Blacksmiths living in the middle ages typically belonged to the peasant class and worked long, oftentimes strenuous hours each day. The blacksmith’s work environment was hot, confined, dirty, and dangerous due to the nature of their work.

Like other laborers and tradesmen of the time, medieval blacksmiths wore practical clothing that allowed for free movement and protection from the elements. The basic pieces of a blacksmith’s wardrobe did not differ much from the rest of the working class, but certain accessories like hats, boots, gloves, and aprons provided an extra layer of protection to smiths and were unique to their trade.


Clothing of the Medieval Peasant Class

The main clothing pieces worn by blacksmiths and other workers during the middle ages did not change much from the 8th to the 14th centuries. While upper-class people had a larger variety of clothing colors, fabrics, and styles available to them, medieval peasants and laborers wore simple, functional clothing that was appropriate for working outside.
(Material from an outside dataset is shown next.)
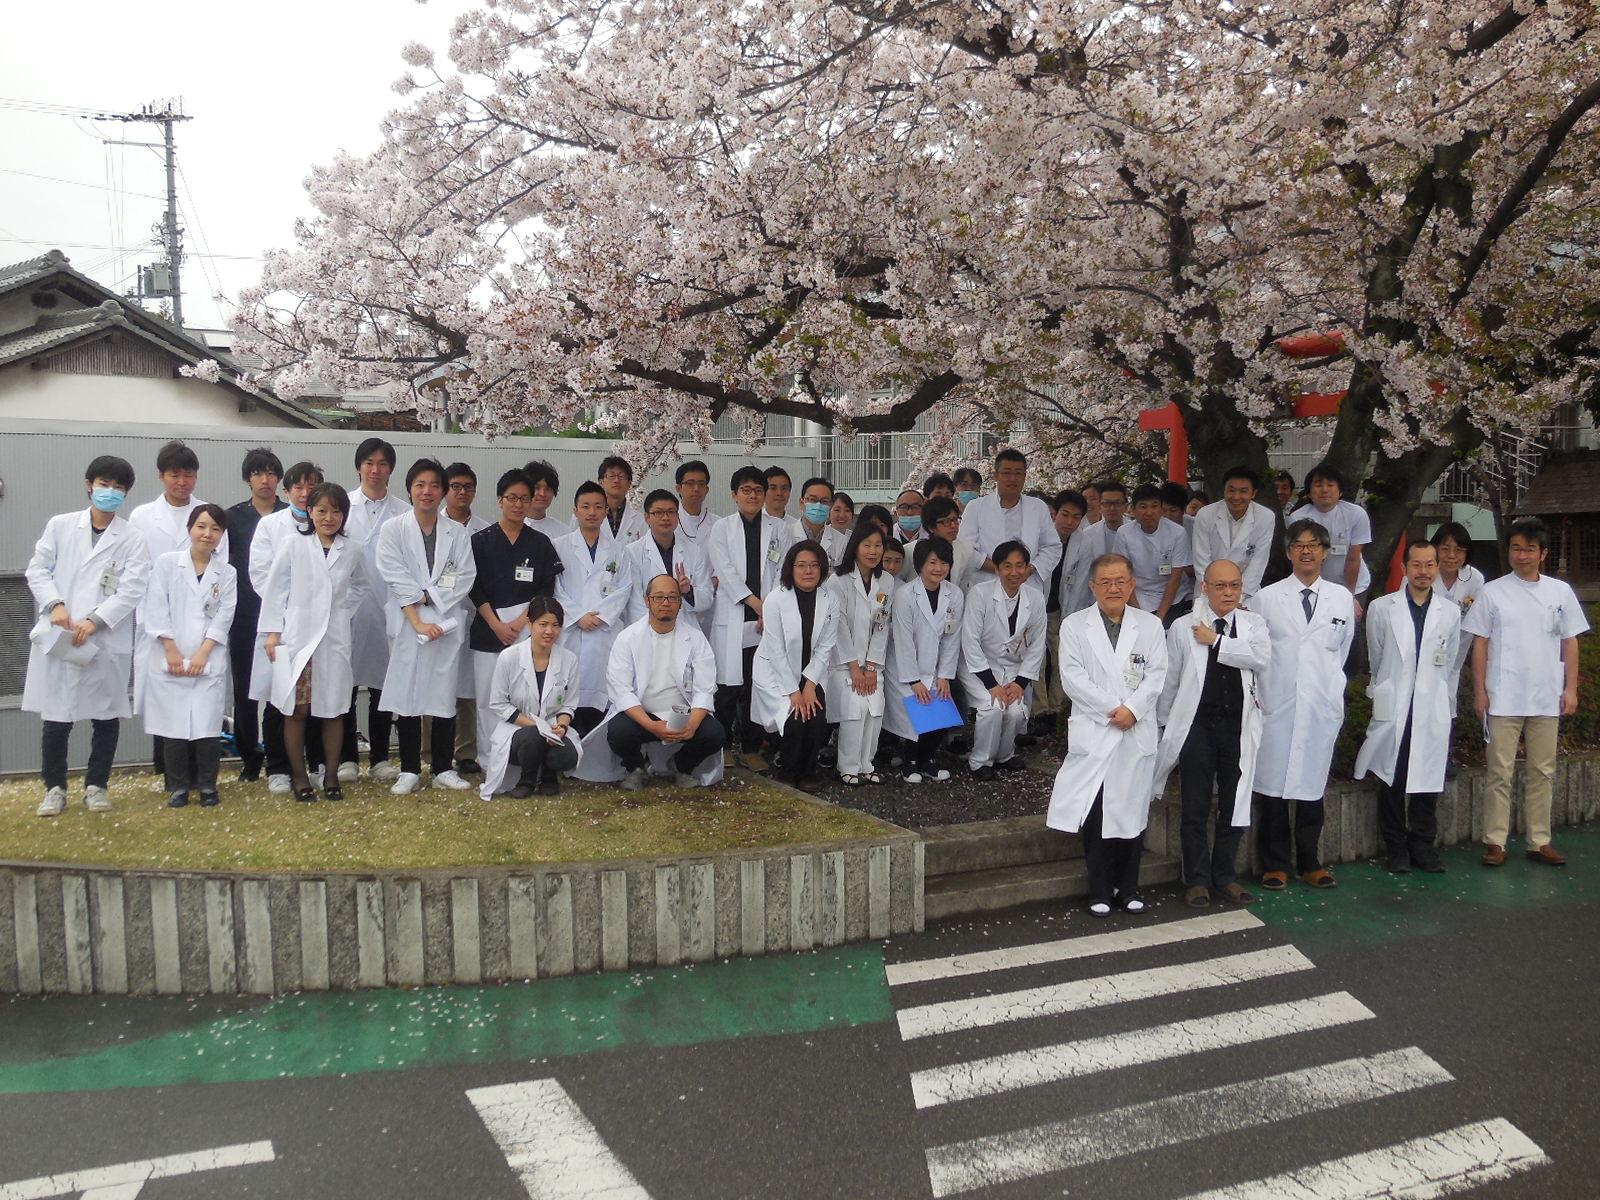 2017.5.1時点で常勤医師55名(内、精神科医49名、内科医4名、放射線科医1名、整形外科医1名) 充実した指導体制が魅力です。

Men, women, and children wore simple tunics adapted from the Roman styles that were popular several centuries prior to the middle ages.

Medieval peasants and labourers generally long sleeved tunics, appropriate for out door work.

Both men and women possessed some level of basic sewing skills, and made their tunics by folding a length of fabric and cutting a hole in the center for their head. Sleeves could be added in colder months for warmth, but workers who spent a lot of time in the heat, such as blacksmiths laboring near a hot forge, would have worn sleeveless tunics during working hours. Tunics typically fell to at least the thigh and women’s tunics usually extended to the ground. Men who opted for shorter tunics wore thick hose to cover their bare legs.

Medieval blacksmiths worked in warm conditions, so often opted for loose-fitted, short-sleeved clothing.

While medieval peasants dyed clothing items like hoods and capes brighter colors, such as red or blue, the everyday workwear of tradespeople such as blacksmiths was generally muted in color and made to be practical, not pretty. Men’s clothing was duller and coarser than women’s, and it was made from the undyed wool of brown or gray sheep. To protect their skin from sparks and embers, medieval blacksmiths wore thicker fabrics than those who worked in the fields.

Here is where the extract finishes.